Oncologist/investigator dedicates extensive career to drug development

Medical oncologist John Sarantopoulos, M.D., cares for adult patients with melanoma and genitourinary cancers.

While the Mays Cancer Center is dramatically increasing its early phase therapeutic development, John Sarantopoulos, M.D., has worked tirelessly researching next-generation cancer therapy since 2004 after completing a clinical fellowship in advanced oncology drug development at the center’s Institute for Drug Development.

Dr. Sarantopoulos is a medical oncologist who cares for adult patients with melanoma and genitourinary (GU) cancers, including renal, prostate and bladder cancers. He also works as a clinical investigator with special expertise in antineoplastic drug development, which means he is developing drugs to prevent, inhibit or halt the development of a cancerous tumor.

Dr. Sarantopoulos has been the principal investigator for more than 100 Phase I trials and has served as co-investigator for more than 200 additional early phase clinical trials. The National Cancer Institute awarded him its Clinical Investigator Team Leadership Award as a supplement to the center’s Cancer Center Support Grant in 2011. He was the first medical oncologist to receive the award at UT Health San Antonio.

In addition to serving as an associate professor of medicine, he is the AT&T President’s Distinguished University Chair. Dr. Sarantopoulos also is the lead clinical investigator for the Experimental and Developmental Therapeutics Program and oversees all early phase investigator-initiated clinical trials for cancer. He acts as the leader of the center’s Early-Phase Clinical Disease Site Team, which is responsible for the prioritization, conduct and completion of Phase I and II trials at the Mays Cancer Center.

Dr. Sarantopoulos, who recently was named a top medical oncology doctor in San Antonio magazine, said he sees patients who qualify for clinical trials because they have either already received FDA-approved drugs but the cancer continued to progress or they couldn’t tolerate the treatment.

“We work with patients who are interested in proceeding with new therapy options,” he said. “Historically, we have moved away from chemotherapy because of the side effects and the fact that it did not work against certain cancers.

“We are now looking at new, more specific drug targets that may cause a protein change in a tumor. We are trying to match up the tumor type with the new drug options. It is like a lock and a key. We must find the lock and the key that match up to fight different types of cancer.”
Experience has shown him that sometimes cancer cells are more complicated and further treatment is needed. The move toward using immunotherapy, which involves using the patient’s own immune system to help battle the cancerous cells, has become very prominent in recent years.

“This triggers patients’ immune systems to fight the cancer. There has been an explosion of medicine in this area benefiting different types of tumors,” he said.
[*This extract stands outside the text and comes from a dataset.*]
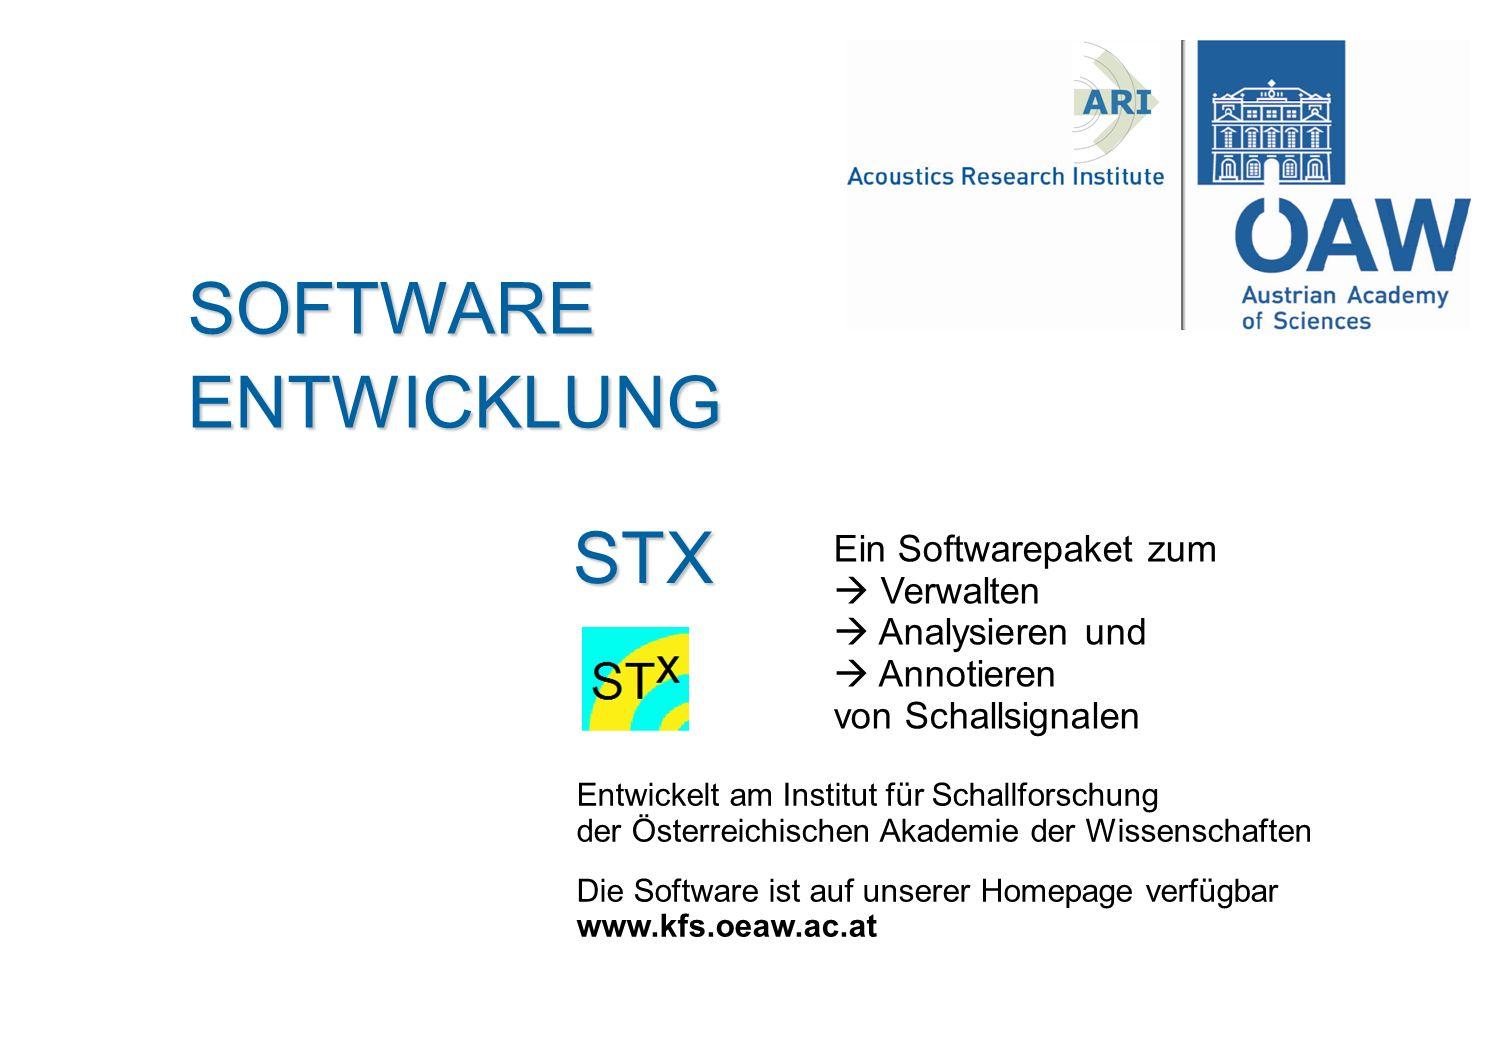 SOFTWARE ENTWICKLUNG STX Ein Softwarepaket zum  Verwalten
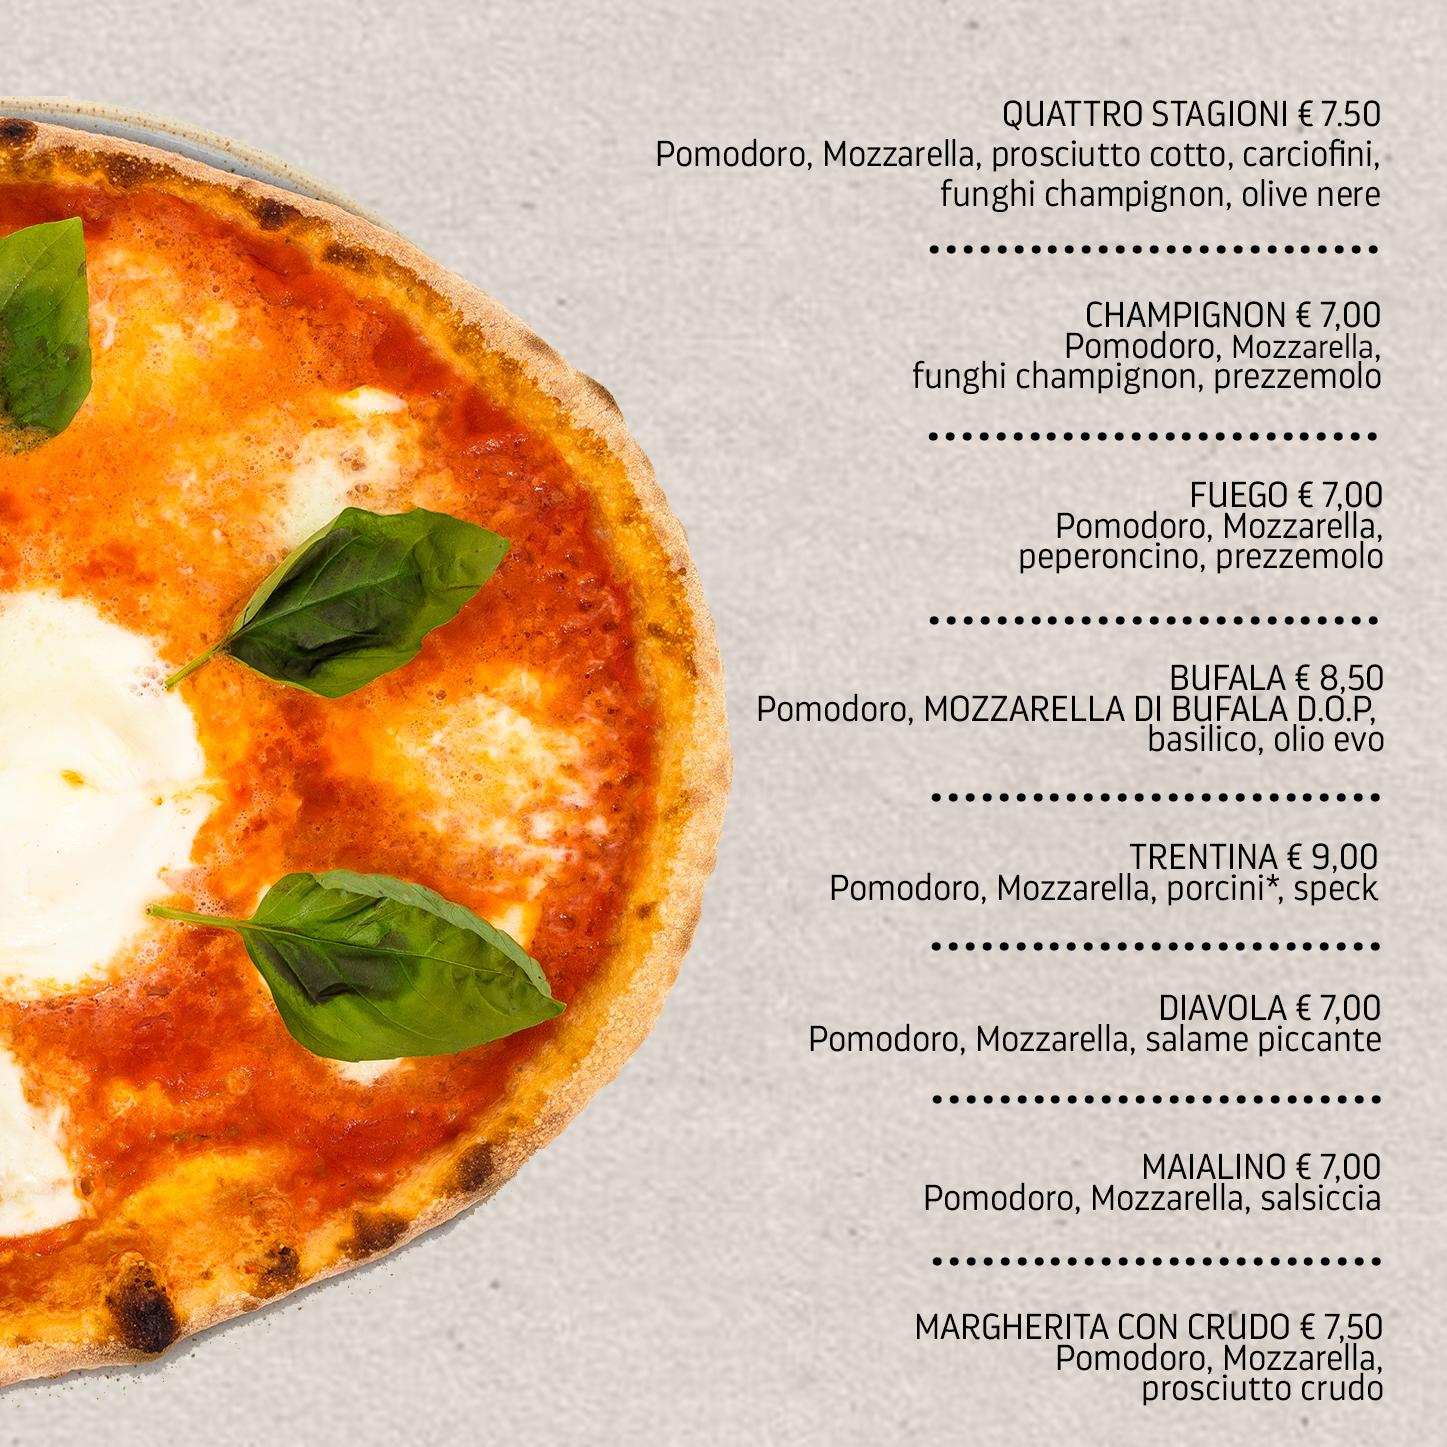 pizze rosse - 2

Dr. Sarantopoulos said researchers have seen dramatic responses to the targeted drug therapy. The center’s program has studied first-in-human medications, including single agents and combinations of two or more drugs working together.
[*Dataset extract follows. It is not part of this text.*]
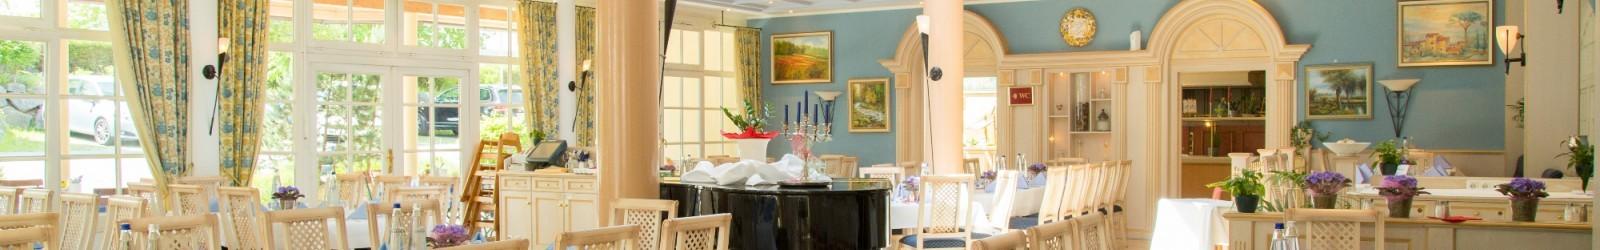 Restaurant im Hotel Bayerischer Hof Miesbach****
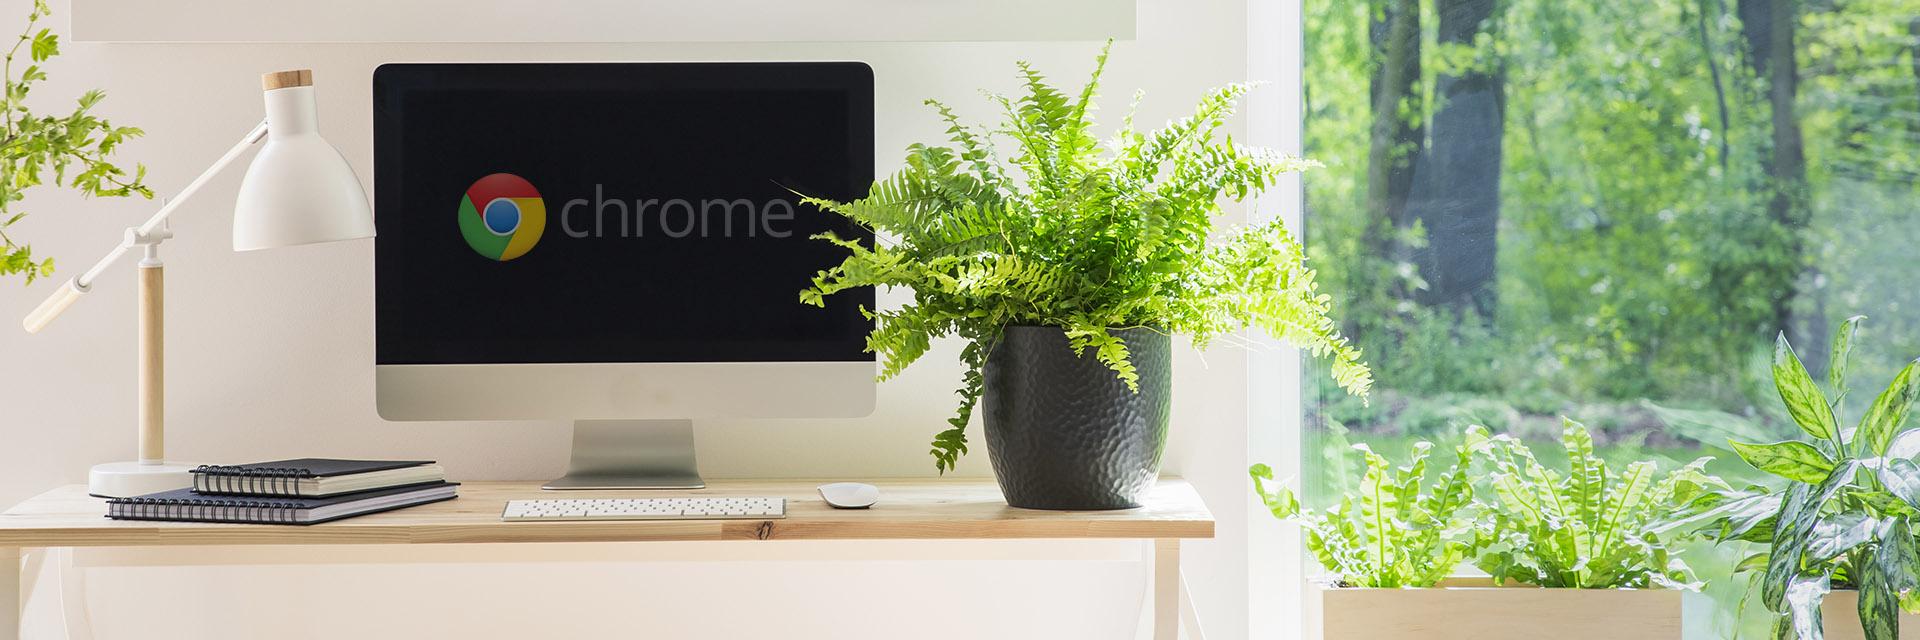 La prochaine version de Chrome pourrait||cacher des parties de l'URL

Researchers at the Mays Cancer Center are studying drug combinations using a person’s own antibody, which is a blood protein produced by the immune system to neutralize the tumor cells. “The antibody can take the drug straight to the cancer cell. We also are looking at new bio-specific antibodies that can have two targets.

“This falls within new combinations of immunotherapy. We are working to combine initial first-generation immunotherapy agents with co-inhibitors to augment the immune system even further,” he said.

In addition, the center’s researchers are working with new agents that have been modified in structure or the target has been changed. These new drugs are better at binding to the cancerous cells and have fewer side effects, Dr. Sarantopoulos said.

“In general, we have seen an increase in response to treatment: shrinking of the tumors, quicker response time, and fewer side effects,” he added. Dr. Sarantopoulos said he also is excited about a portfolio of a new oral formula that is used with a second component. Previously, this was administered through an IV. The oral medicine is given with a second component to target the resistance that was seen previously, he said.

Additional new elements of research are modifying the duration of treatment and looking at giving a smaller dose of the drug with a full dose of immunotherapy to augment the cancer fighting results while reducing the side effects, he explained.

“We have a number of new targets in the pipeline. And, we are also evaluating specific disease sites, such as breast, lung, colon and prostate cancer plus other tumor types,” Dr. Sarantopoulos said. “We are trying to change the paradigm of cancer from being a lethal disease to a more chronic, stable condition.”